Marriages are forced upon children as young as 11 in the US for reasons ranging from religious beliefs to poverty. Activists, some of whom are former victims themselves, are fighting hard for a nationwide law that prohibits the practice.
Mention child marriages and images of adolescent girls with middle-aged men sporting beards and wearing long traditional robes is what springs to mind for most people. It's a practise largely attributed to Middle Eastern and South Asian cultures, as if people in the West are no longer involved in such habits.
But contrary to widespread perceptions, child marriages are still prevalent in the United States as well. Even though the US government vehemently criticises other countries for their records of child marriages — a US State Department document describing it as a "human rights abuse that contributes to economic hardship," for instance — the numbers are quite shocking within US borders.
More than 167,000 children below the age of 17 have taken marital vows in 38 American states between 2000 and 2010, according to a report compiled by Unchained at Last, a non-profit organisation based in New Jersey.
Fraidy Reiss, the founder of Unchained at Last, was herself a victim of a forced marriage. At age 19, her parents arranged a marriage for her, which turned out to be abusive in the first week.
"I was trapped for 15 years," she said in a recent podcast interview with the independent website, Tap into Westfield. "When I finally managed to escape, my family shunned me saying our daughter is dead."
Sherry Johnson is another former victim of child marriage. She was forced to marry her rapist, a member of her church, when she was just 11. A few years ago, she escaped her abuser and is now fighting to set a minimum age for marriage in Florida. Like in half of the US states, Florida has no marital age bar, and one child still gets married in the state every few days.
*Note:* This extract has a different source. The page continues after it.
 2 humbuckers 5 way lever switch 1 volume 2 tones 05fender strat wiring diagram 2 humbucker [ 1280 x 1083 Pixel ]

What does child marriage in the US look like?
The minimum age of marriage, according to US law, is 18. There is a legal gray zone, however — every state allows marriages of children below 18 with parental or judicial consent.
The underage marriages are happening in families practising various faiths: Christianity, Hinduism, Sikhism, Judaism, Islam, Mormonism and Buddhism.
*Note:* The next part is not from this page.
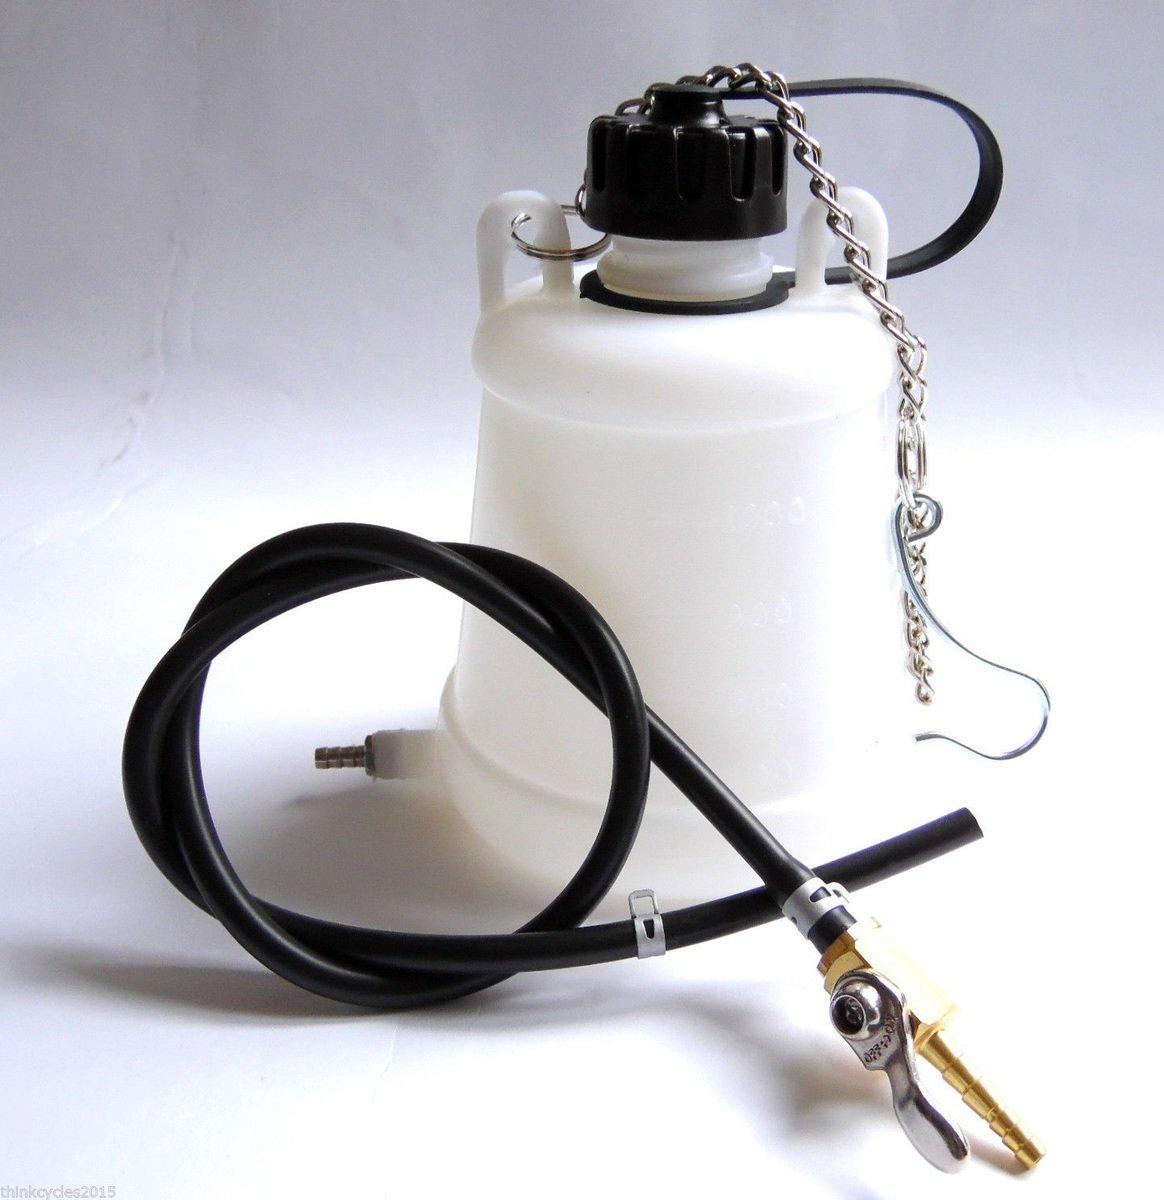 Pomocná nádobka na benzín, nádržka 1L + kohout

Parents force their underage children to marry for various reasons. The main ones are: to control their sexuality; to protect the family "honour"; to protect perceived religious ideals. In many cases the motive is economic. Many of the children are married either for money or to someone living in a big city.
LEGALISING STATUTORY RAPE
Most of the marriages happen between underage girls and adult men. Though the sexual contact between them violates statutory rape laws, the marriage is still considered valid from a legal perspective.
REPUBLICANS REJECT BANS
After years of public outcry, New Jersey was supposed to be the first state to ban underage marriages but Governor Chris Christie vetoed the legislation in early May 2017. Christie argued that the proposed legislation did not "comport with the sensibilities and, in some cases, the religious customs, of the people of this state."
About 90 percent of married children in New Jersey are girls, a figure on par with global trends.
Similarly, the Republican-led House in New Hampshire rejected a bill in March 2017 that called for raising the marriage bar to 18 and ending child marriages.
HIGH DIVORCE RATE
Half of adolescent marriages in the US end up in divorce, according to a study. Apart from affecting girls' health, education and economic mobility, the underage married girls are at constant risk of experiencing domestic violence.
The public outcry and social activism has pushed eleven states to consider banning underage marriage. The state lawmakers who resist the legislation to end child marriage generally either believe that any legal measure could hamper religious freedom or they consider marriage as a better solution to teenage pregnancy than abortion.
LEGAL ACROSS THE US
Virginia is the only state where the legislation to ban child marriages has been passed. Even in progressive states like New York, little has been done to resolve the problem. A bill to end child marriage was introduced in the New York senate in February, seeking strict penalties against marriages involving under 17-year-olds. A month later, a new bill was introduced with a clause that allowed underage marriages with judicial approval, which was unanimously passed.
There is no legislation to raise the marriageable age bar or to ban child marriages in the other 38 states of the US.